Information often comes one piece at a time. Individuals process and integrate this information, one piece after the other, to form judgments or make choices. In doing so, they frequently exhibit serial-position effects, and in particular primacy and recency effects, whereby early and recent information disproportionately influence their decisions. These effects have been observed for decades and across various modalities: e.g., in forming impressions of personality on the basis of a list of traits1,2, in memory recall3–6, causal judgments7, inference and prediction8–11, and perceptual decisions12,13. A kind of tasks in which each piece of information should clearly have the same influence on decisions is averaging tasks, in which subject are asked to make a judgment on the basis of the average of the magnitudes of stimuli presented to them sequentially. The magnitudes may be physical properties of the stimuli (e.g., length or orientation14,15), or numerosities, as in clouds of dots16, or presented as Arabic numerals17–20. Most of these number-averaging studies find recency effects and some find primacy effects. But the more recent studies, in any case, do not focus on serial-position effects, which are often treated as peripheral: primacy effects are not considered, and recency effects are typically captured in models through an exponential discounting of remote observations. This assumption has become so commonplace that it is rarely justified in detail, and the broader implications of serial-position effects are often ignored.
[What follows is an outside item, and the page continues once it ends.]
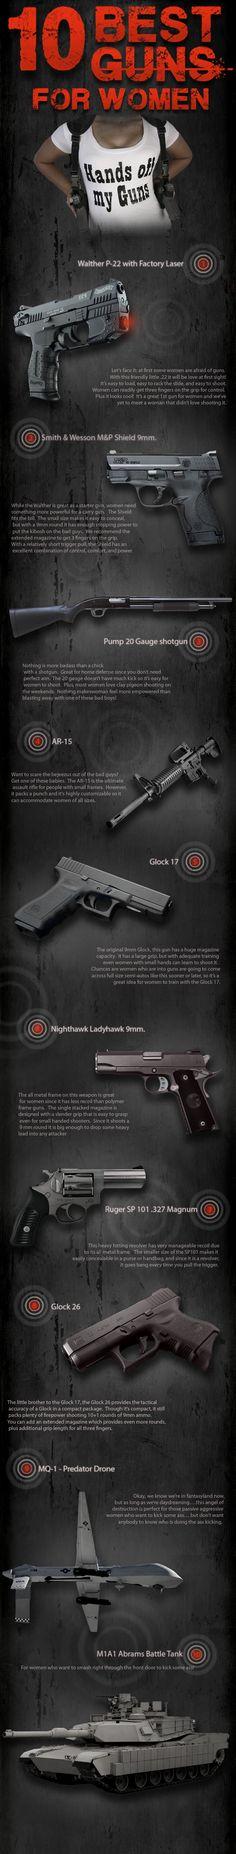 best_guns_for_women
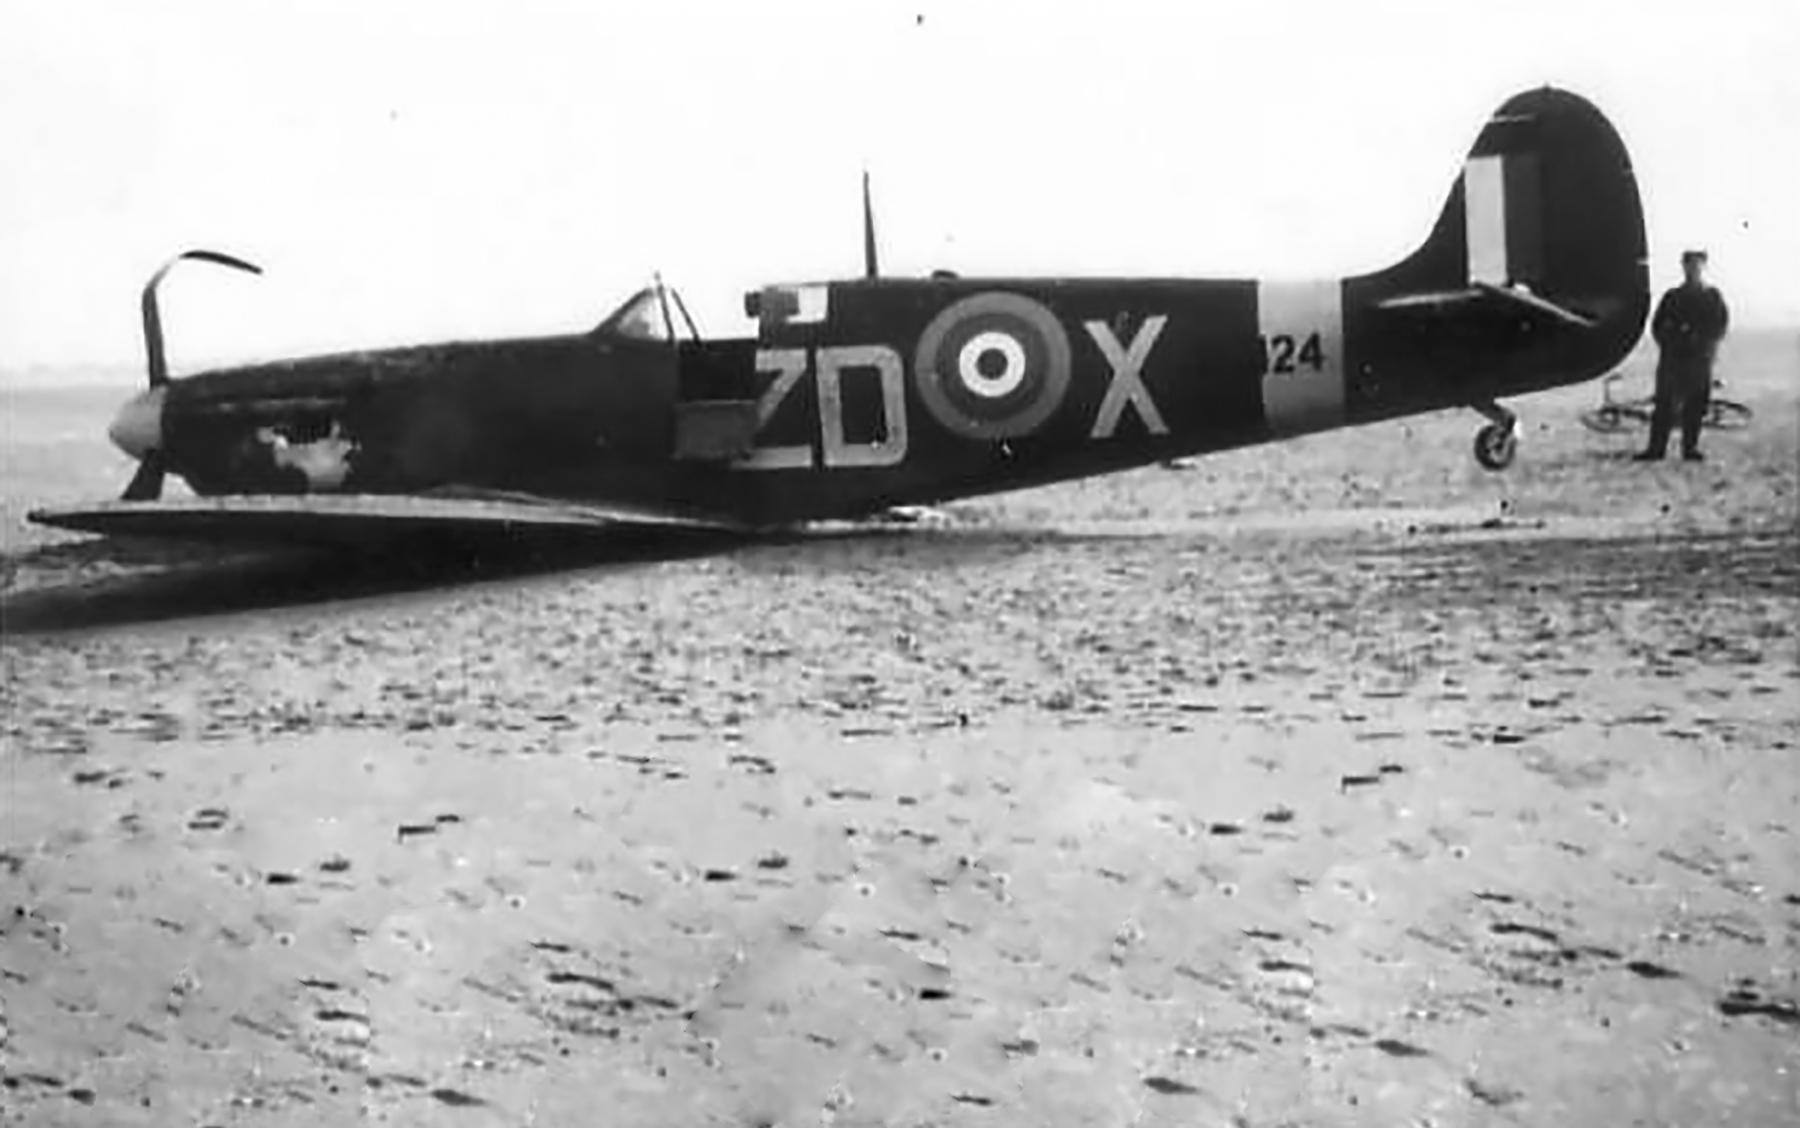 Spitfire MkVb RAF 222Sqn ZDX xx424 force landed 01

We aim to fill this gap by examining primacy and recency effects in number averaging tasks more closely. We exhibit the significance of these effects in a recently published dataset20,21, and we propose a single, plausible mechanism that accounts simultaneously for both effects. Simply put, we assume that when an observer receives the nth number of a sequence, they are uncertain about how many numbers they have seen thus far (i.e., they are imprecise about n). Consequently, they are uncertain about how much weight this new number should carry in their updating of their running estimate of the average. If they estimate the count n with a central tendency (as is typical for Bayesian observers), then at first they will underestimate the weight of the new number (and thus overestimate the weight of the numbers already seen, resulting in primacy effects), but later in the sequence they will overestimate the weight of the new number (resulting in recency effects). Primacy effects and recency effects, by this account, thus indirectly reflect the central tendency of Bayesian observers. In the extreme case where the observer has no sense of the count of observations, our model reduces to the exponential-discount models commonly used in the literature. However, in more realistic scenarios where observers have a reasonable but imperfect estimate of the count, both primacy and recency effects naturally emerge.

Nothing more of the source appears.